Give the data again exactly as it appears, excluding any pictures.

THE DATA:
※ ※ ※
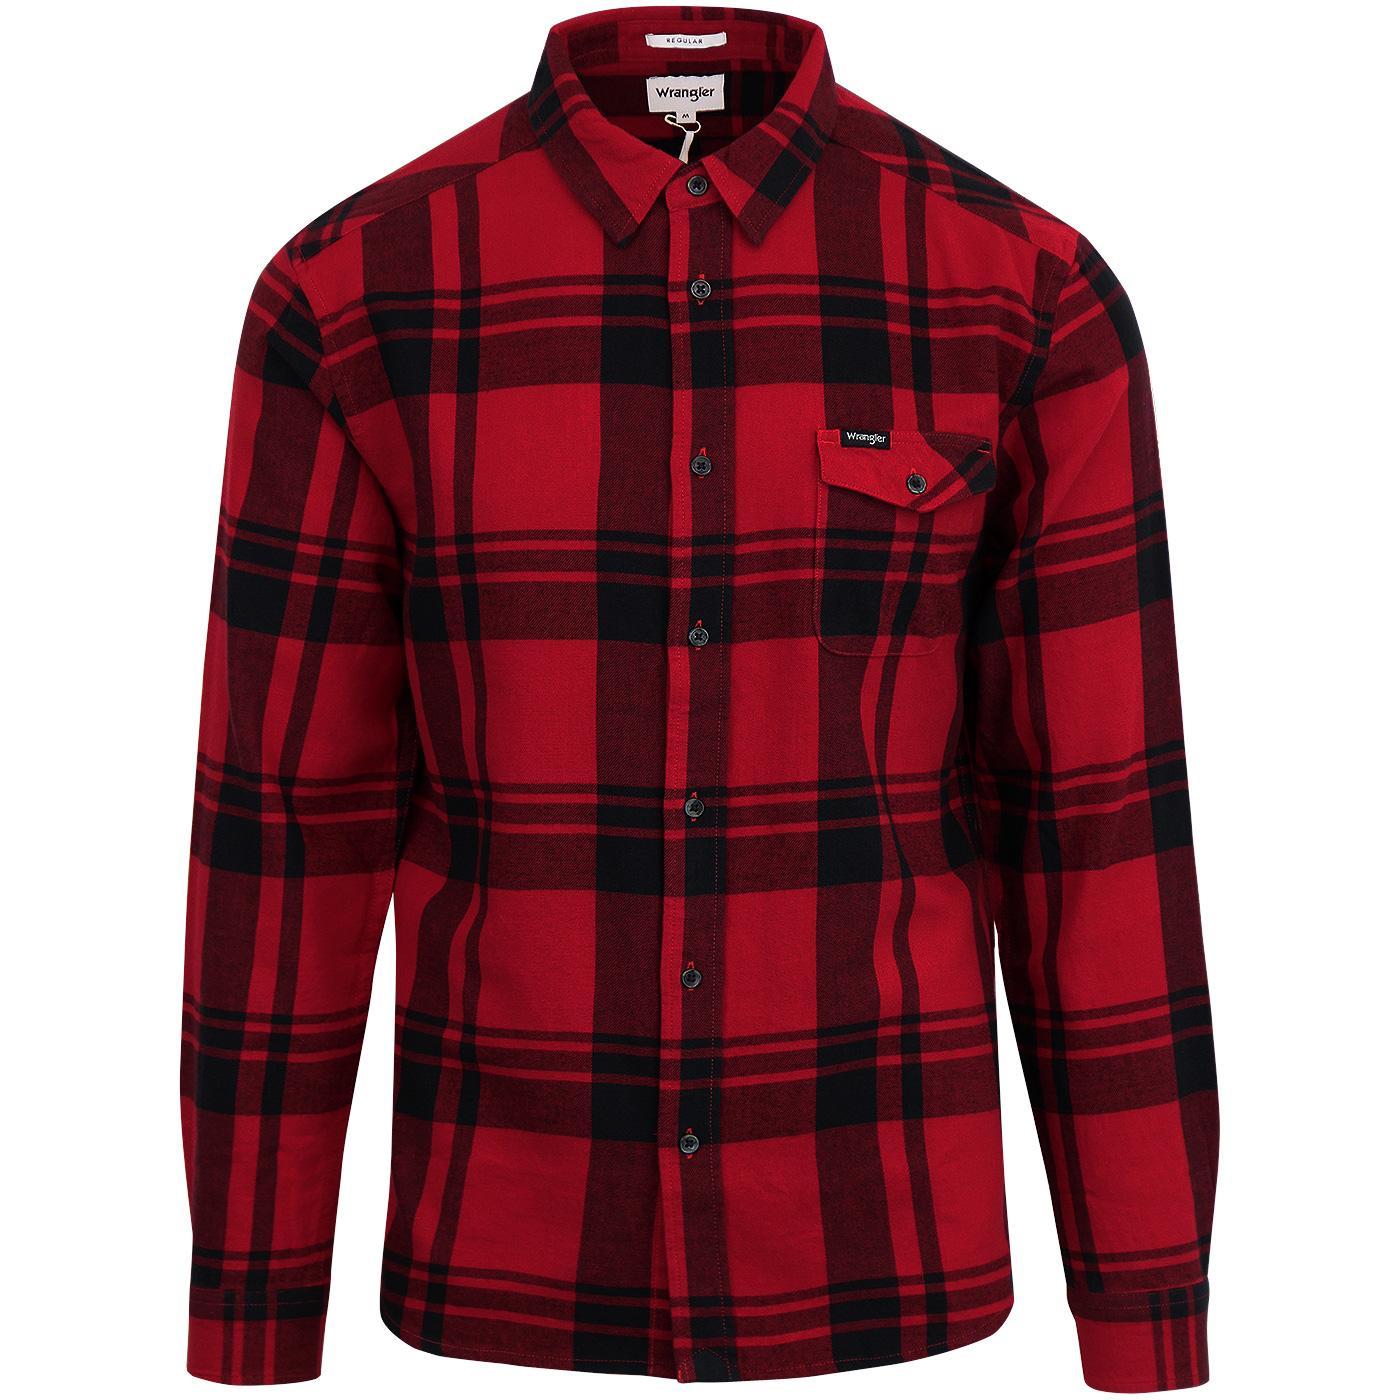 WRANGLER Retro Mod 1 Pocket Lumberjack Check Shirt
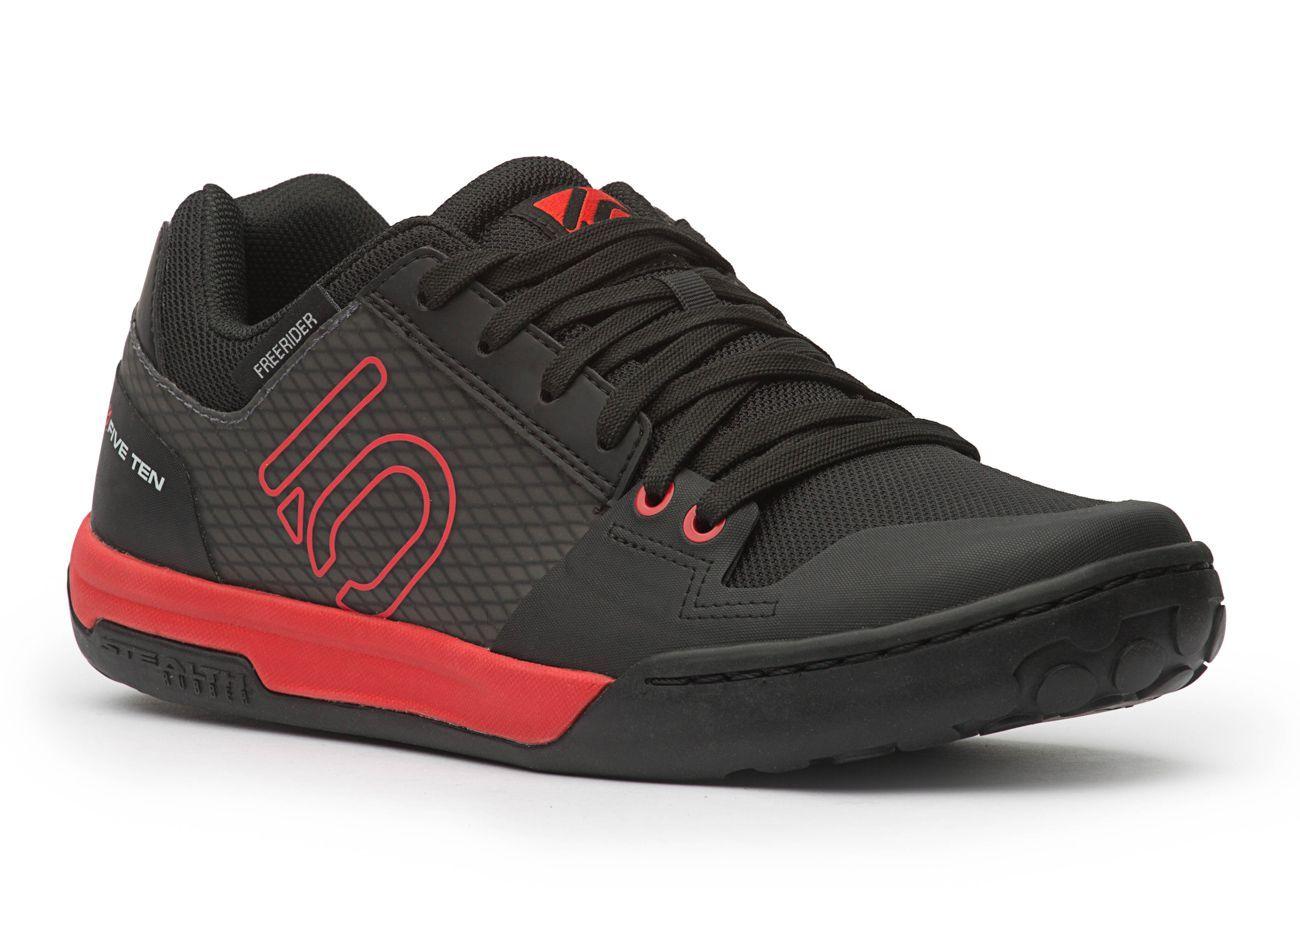 Mountain bike shoes, Mtb shoes
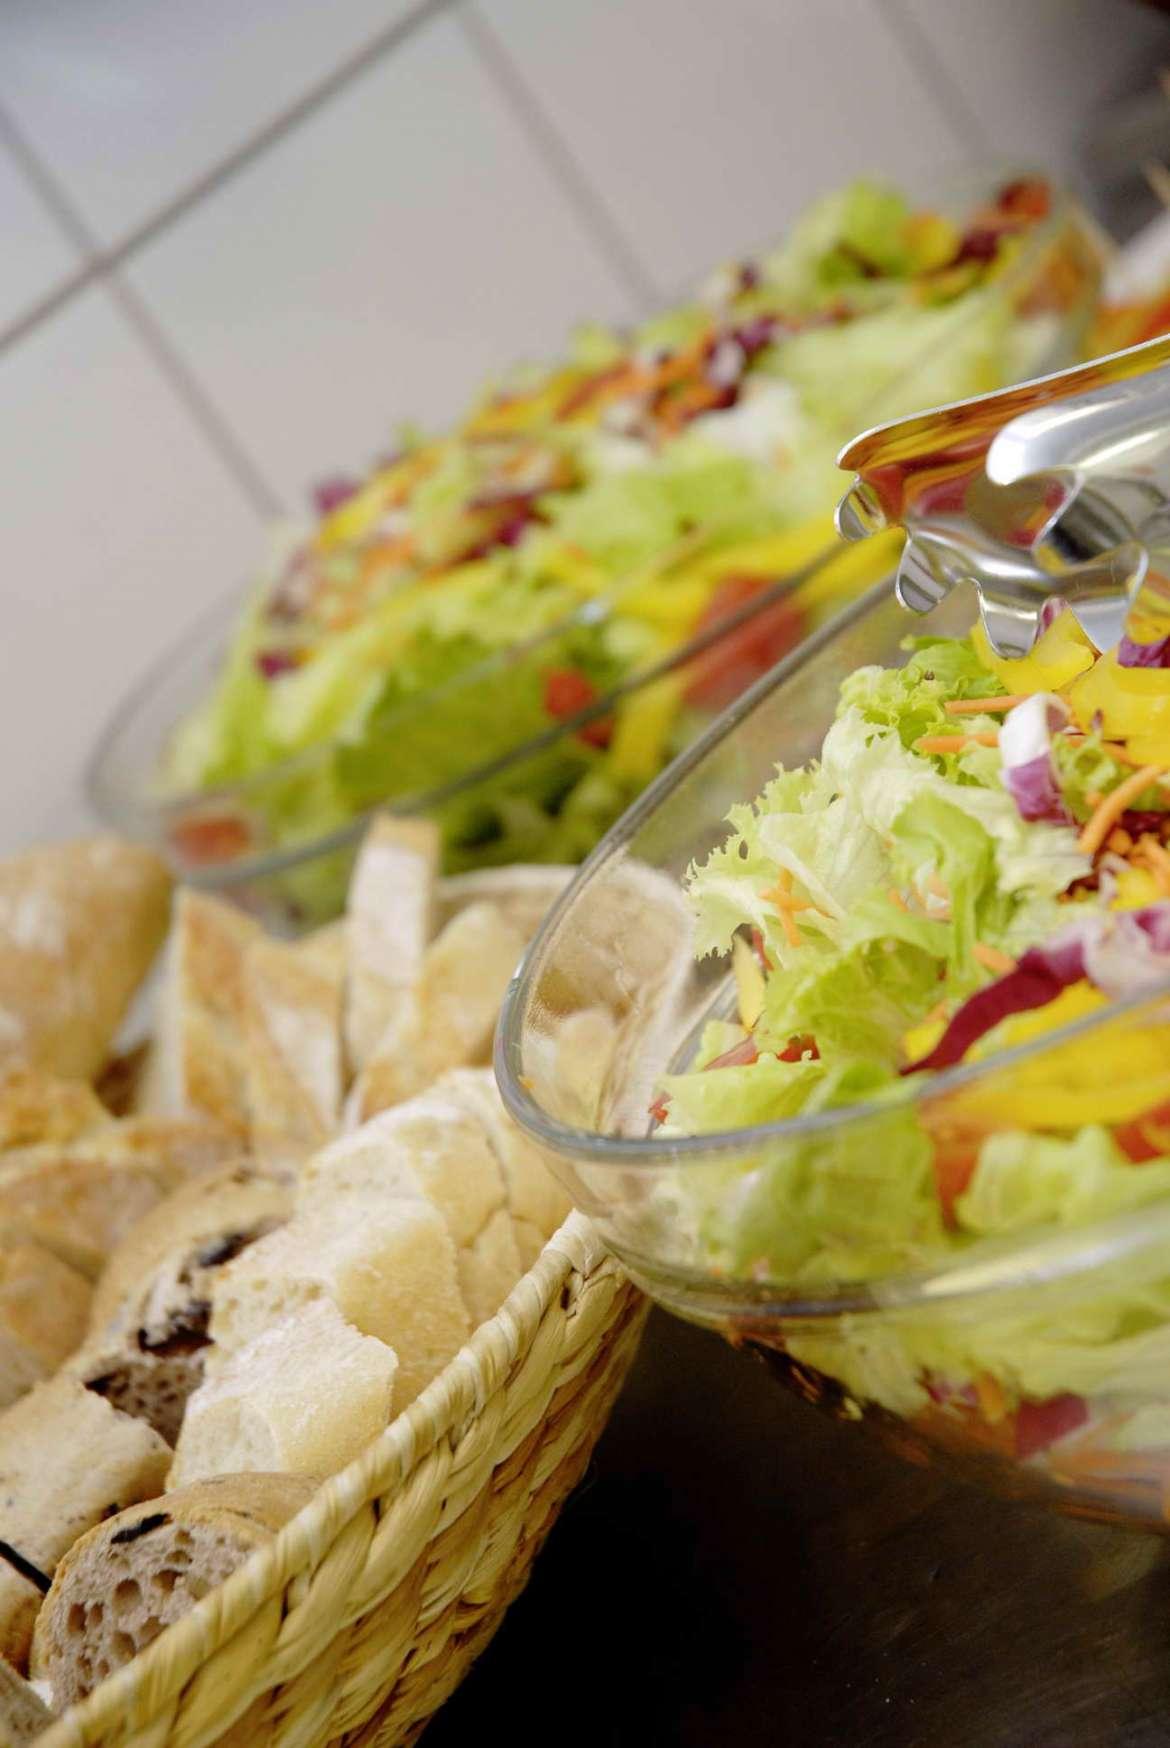 Bildergalerie-Fingerfood-warme-Speisen-17.jpg
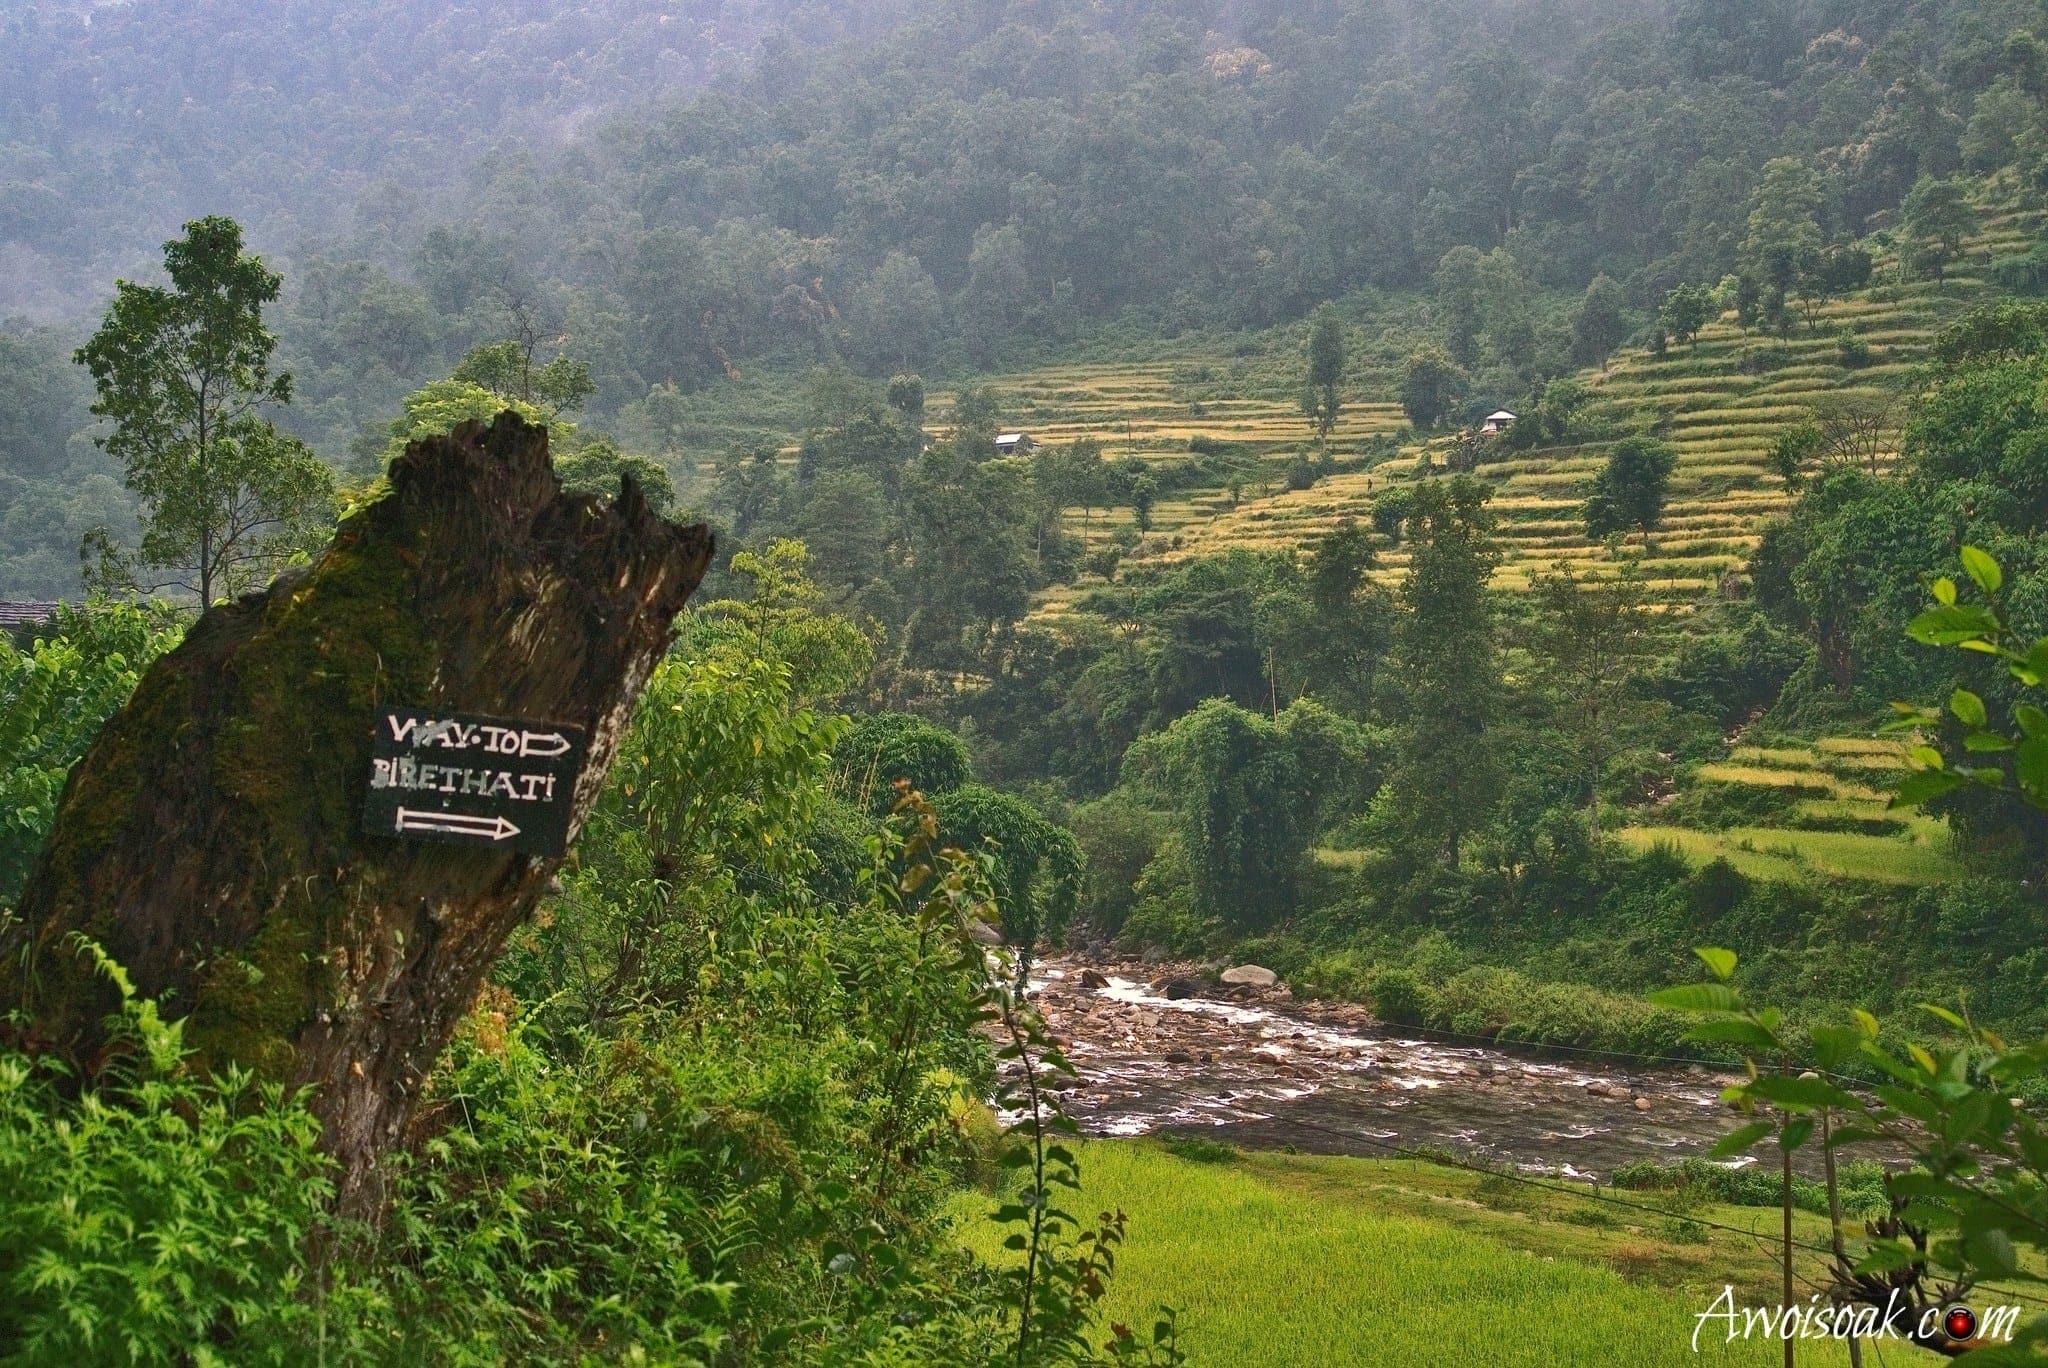 Ghorepani Poon Hill Trek | AwOiSoAk
※ ※ ※
TASK SOLUTION:
 WRANGLER Retro Mod 1 Pocket Lumberjack Check Shirt
 Mountain bike shoes, Mtb shoes
 Bildergalerie-Fingerfood-warme-Speisen-17.jpg
 Ghorepani Poon Hill Trek | AwOiSoAk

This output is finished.